Инна обняла сына, прижала его к себе, не думая про окровавленную одежду, прижала, как прижимает к себе, любая мать, чтобы защитить его, уберечь от окружающего бесконечного зла, от внешнего мира с его опасностями и невзгодами.., она прижала к себе своего несчастного сына и заплакала вместе с ним.
* * *
Юрий Костромин плохо спал ночь. Это бы еще ничего, но он плохо спал не первую ночь.
Он плохо спал с того самого дня, когда…
Когда прогремел взрыв, оборвавший жизнь крупного российского финансиста и тэ дэ и тэ пэ Александра Васильевича Строганова, — с того самого дня, когда он убил своего школьного друга.

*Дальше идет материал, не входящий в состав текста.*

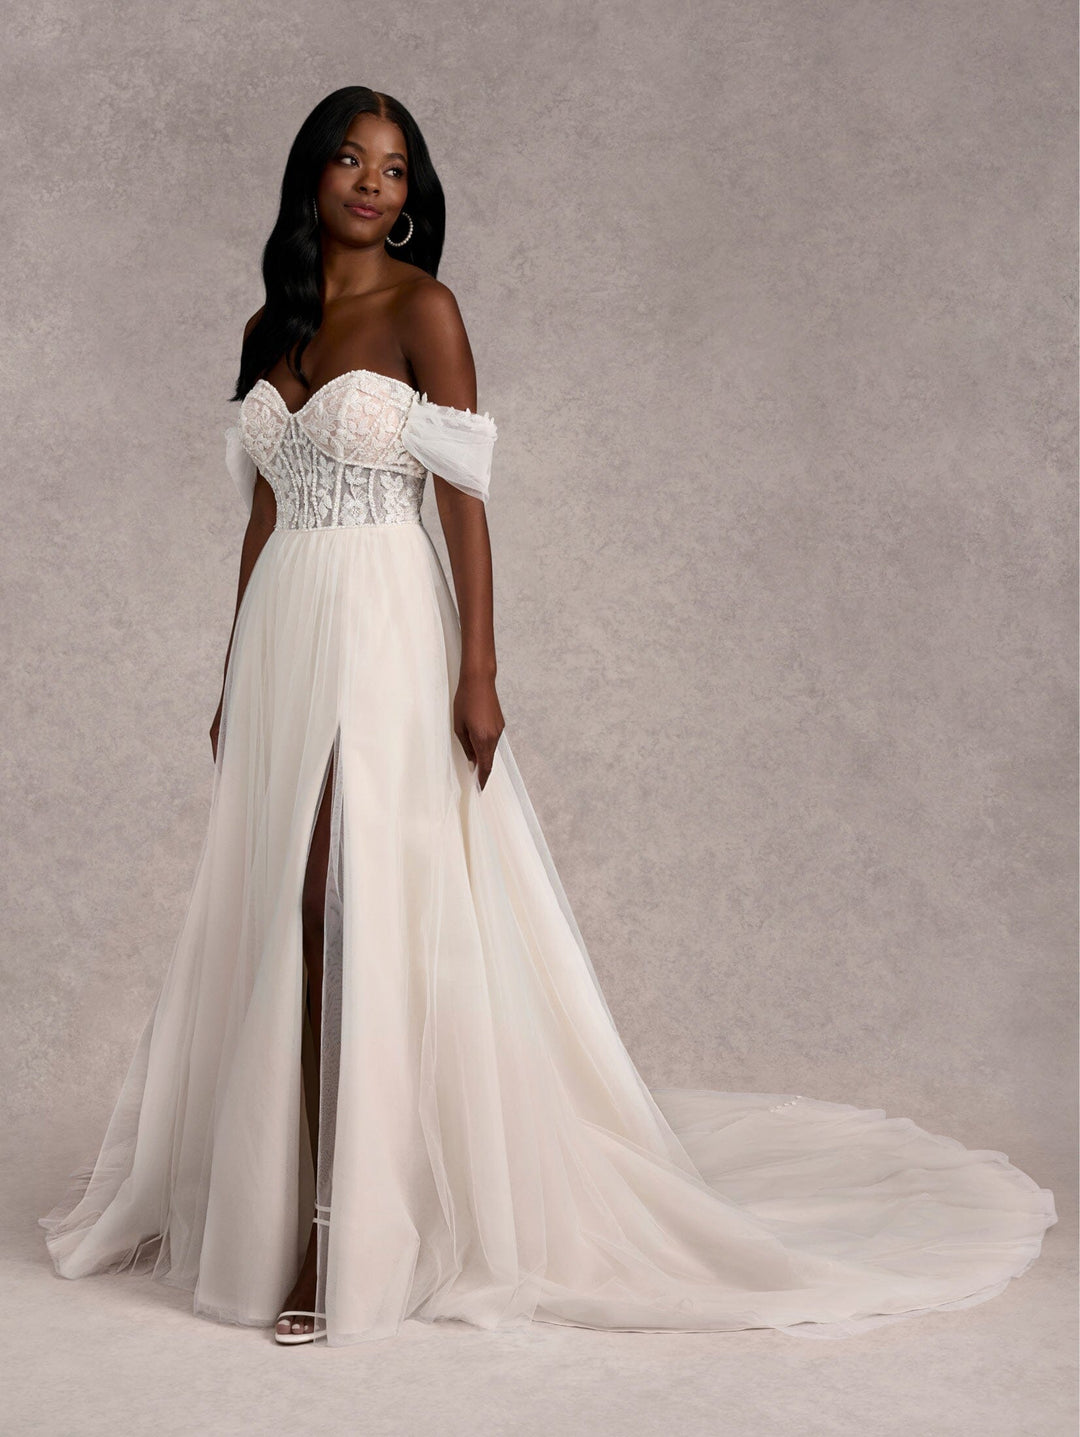 Sweetheart Slit Bridal Gown by Adrianna Papell 31268

Он всегда ему завидовал. Все этому паршивцу доставалось так легко, почти даром. Он все мог себе позволить, имея такие тылы. Такую мамашу, эту железную леди. И с женщинами ему тоже везло… Но что хуже всего, за что Костромин его особенно ненавидел — это за его покровительственный тон. За то, как он изображал из себя благодетеля: «Я тебя сюда устроил — значит, ты — мой человек».
Когда замаячила история с «калмыцкими» деньгами… Когда же Юрию пришла в голову идея операции? Как-то сама собой она сложилась у него в мозгу. И потом в дружеских беседах с Александром он незаметно, ненавязчиво подкидывал ему эту идею раз за разом, пока до того не дошло. Так что у этого кретина сложилось впечатление, что он сам придумал операцию. Как же! Сам он мог придумать, только как очередную девку задурить. С ним было даже неинтересно — так легко он заглатывал любую наживку, так легко поддавался убеждению.
Юрий волновался, сумеет ли он убедить Строганова, что после операции тот должен исчезнуть, лучше всего умереть. Оказалось — зря он волновался, процесс убеждения прошел как по маслу. Александр даже сам подсказал некоторые детали. Тогда они и придумали замечательный трюк с взрывающейся машиной. Строганов должен был сесть в свою машину на глазах всего одного свидетеля, желательно такого, который смотрел бы только на него, на несравненного, неповторимого Александра Васильевича Строганова, и не заметил бы вторую машину, невзрачные неброские «Жигули», подъехавшие слева к шикарной строгановской БМВ.
На этом этапе операции главная роль отводилась Костромину. Он должен был заранее, подъехав вплотную слева к машине Строганова и улучив момент, когда вокруг не будет посторонних глаз, открыть левую дверцу БМВ (Строганов дал ему дубликат ключей) и втолкнуть в машину пьяного до бесчувствия бомжа приблизительно такого же роста и комплекции, как Александр. Найти бомжа и довести его до нужной кондиции тоже входило в его задачу. Затем он должен был крутиться на «Жигулях» поблизости и ждать появления Строганова. Как только тот вышел из банка, обеспечив себе свидетеля, Костромин должен был снова подъехать к БMB, чтобы Строганов, сев в свою машину справа и перебравшись через бесчувственное тело, тут же незаметно выскользнул из нее слева и пересел в «Жигули» Костромина.
Через секунду должен был прогреметь взрыв, изуродовав до неузнаваемости ни в чем не повинного бомжа и открывая перед Строгановым двери в новую безбедную и свободную жизнь.
Так видел операцию Строганов. Костромину он, как всегда, отводил самую трудную часть работы и справедливую, как он полагал, долю прибылей — двадцать пять процентов. Костромин скрипнул зубами и согласился. Сам он видел операцию несколько иначе.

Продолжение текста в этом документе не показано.